The proposal to build four new houses at the corner of Union and First streets went before the Zoning Board of Appeals last Wednesday. A sizable crowd turned out for the meeting, including Mayor Rick Scalera, First Ward Alderman Geeta Cheddie, Third Ward Alderman Ellen Thurston, and Hudson Democratic Committee Chair Victor Mendolia. Presenting the proposal to the ZBA was Mark Greenberg, legal counsel for Galvan Partners LLC.
In his presentation, Greenberg explained that Hudson's current zoning established "suburban standards" that are inappropriate for most of Hudson and pointed out that Hudson's comprehensive plan, adopted in 2002, recommends that new construction be consistent with the surrounding area. He also reminded the ZBA that the project, in virtually the same configuration, had been granted the needed area variances in 2007, but those variances have since expired. The project needs area variances for the proposed setback from the street, which will continue the existing street wall, and for the space between houses, which will be less than the space required by current zoning.
Reviewing the proposal, ZBA member Theresa Joyner asked why the garage in the fourth house, sometimes referred to as the "carriage house," opened onto the street instead of the alley. The answer given was the same offered to the Historic Preservation Commission: the alley was too narrow. The explanation, however, seems contrary to the evidence provided by the alley itself.
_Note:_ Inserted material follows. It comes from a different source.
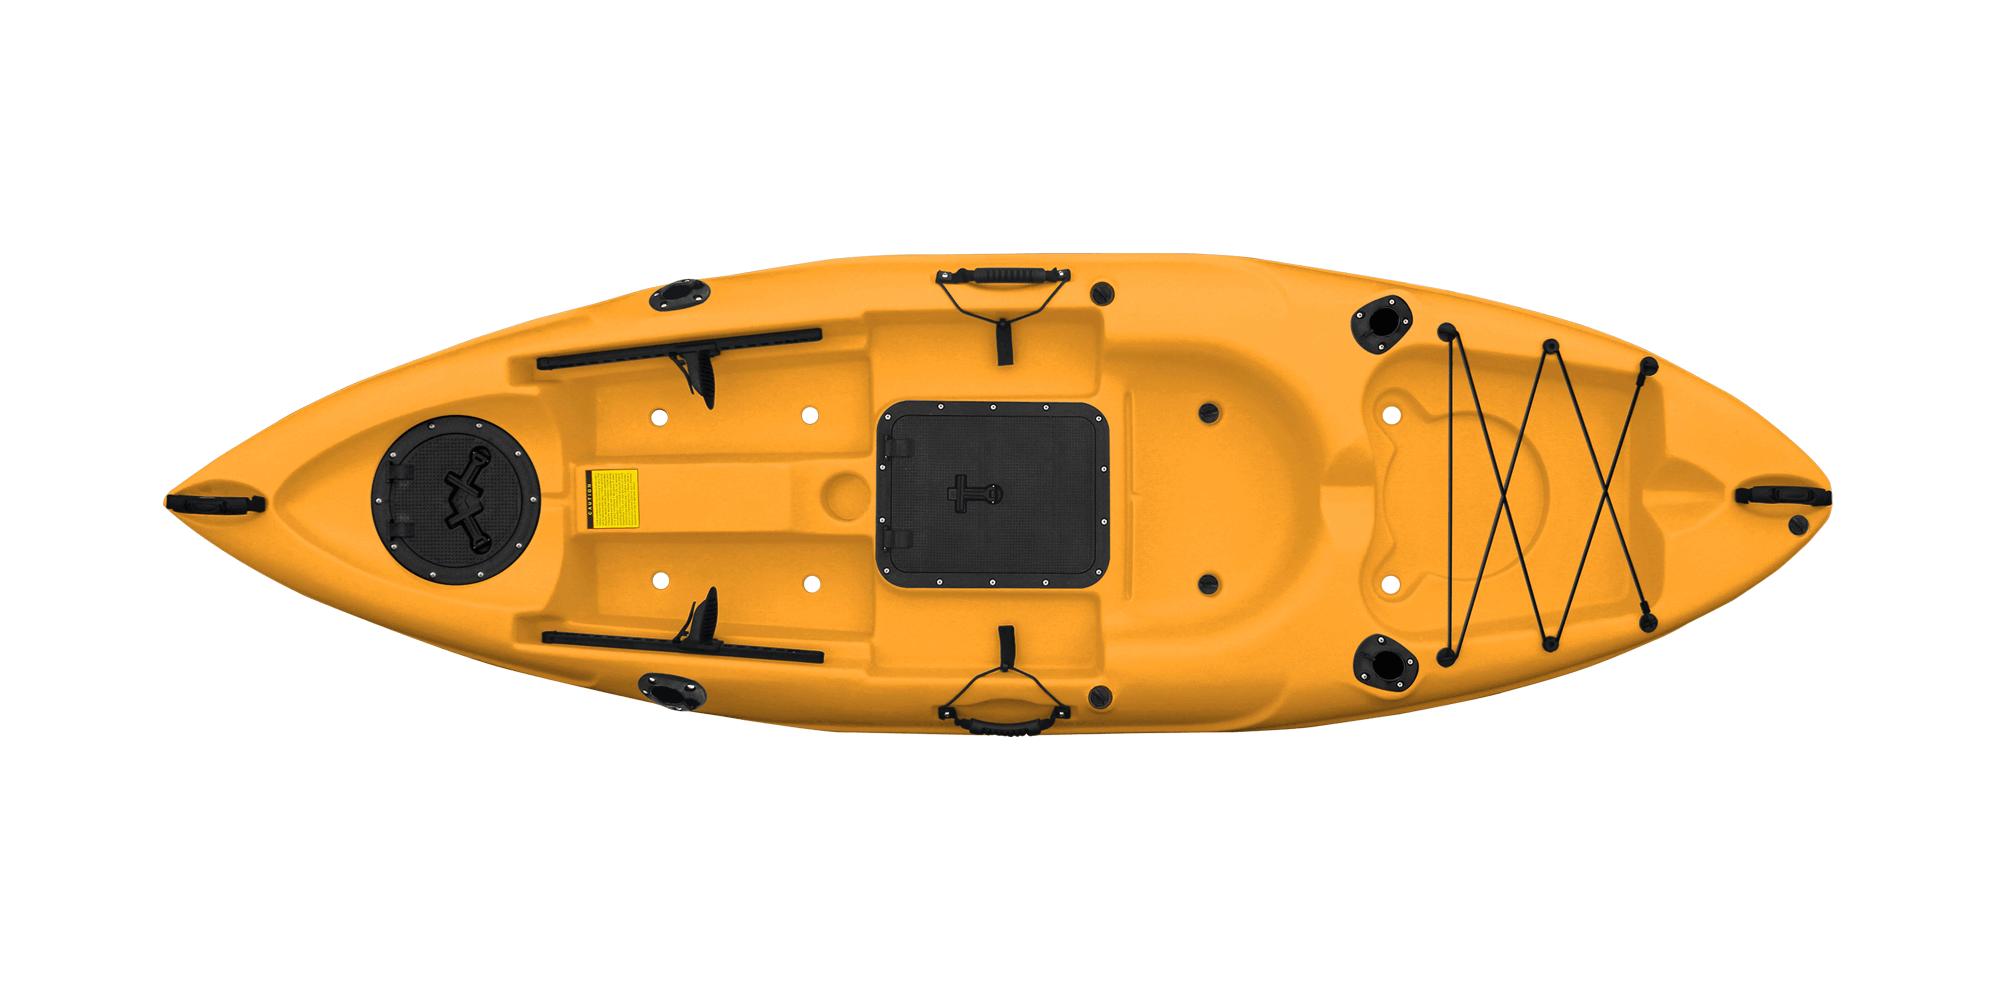 Kayaking clipart tandem kayak. Mini x sit on

Cherry Alley is lined with garages. There's a garage directly across from the site of the proposed new house, and there are several more in the block between First and Second streets, on both sides of the alley.
Historically, alleys were used for residential parking to keep the front of the house clear of cars. Garages were entered by way of alleys. After World War II, however, urban design grew progressively more autocentric. The first step was to make garages, which were still detached, subordinate to the house, and situated behind it, accessible by driveways from the street that intersected the sidewalks. In the late 1950s and '60s, garages started becoming part of the house, with the entrance to the garage on a plane with the main entrance to the house. The ranch house with its attached garage eventually evolved, in the 1980s, into the ultimate in auto-dominated house design: the "snout house," of which the house proposed for First Street and Cherry Alley seems to be some kind of bizarre hybrid.
A snout house has a front entry garage whose entrance dominates the street-facing facade. With a snout house, it's often not immediately clear where people enter the house. This characteristic of a snout house is shared by the house proposed for First Street and Cherry Alley. Members of both the Historic Preservation Commission and the ZBA have asked where the entrance to the house is. (It's somewhere along the right side the house, between this house and the next.) Another characteristic of a snout house, which makes it a configuration now discouraged in many communities trying to promote their walkable character, is that the walkway that leads to the entrance of a snout house does not connect with the sidewalk but with the driveway.
The design proposed for the house at First Street and Cherry Alley seems inappropriate for its location, even though there's a garage directly opposite it on First Street, but the design problems might be resolved if the building were more like a house with a garage behind it than a garage with some house around it. So let's go back to the notion that the alley is too narrow for the garage to open onto it.
A search of the city code online uncovered information about the maximum width (10 feet) and the maximum length (30 feet) of a residential driveway but no information about the minimum width of an alley or other roadway onto which a garage gives access. (That's not to say it's not there. I just couldn't find it.) But if there are specific clearance requirements for a garage, this information might be relevant. A few years ago, it was pointed out by a planner from Chazen Companies that the amount of space specified by our code for parking one car, on the street or in a parking lot, was more generous that what is required by current standards. This was true because in 1960s, when Hudson's code was adopted, the average car was longer and wider than the average car is today. This being the case, could it be that Cherry Alley would be too narrow only if the car being garaged were a vintage 1960s car not a car of typical size for 2011? Is it possible that the problem of the alley being too narrow could be remedied by an area variance from the ZBA, thus allowing the garage to open onto the alley instead of the street?
NOTE: The photograph I used to illustrate snout houses is not the best example of this architectural phenomenon, but I couldn't resist using it because it also demonstrates so well that a few architectural gewgaws--in this case, imitation Victorian Stick Style ornamental gable trusses--do not make new construction compatible with existing historic architecture.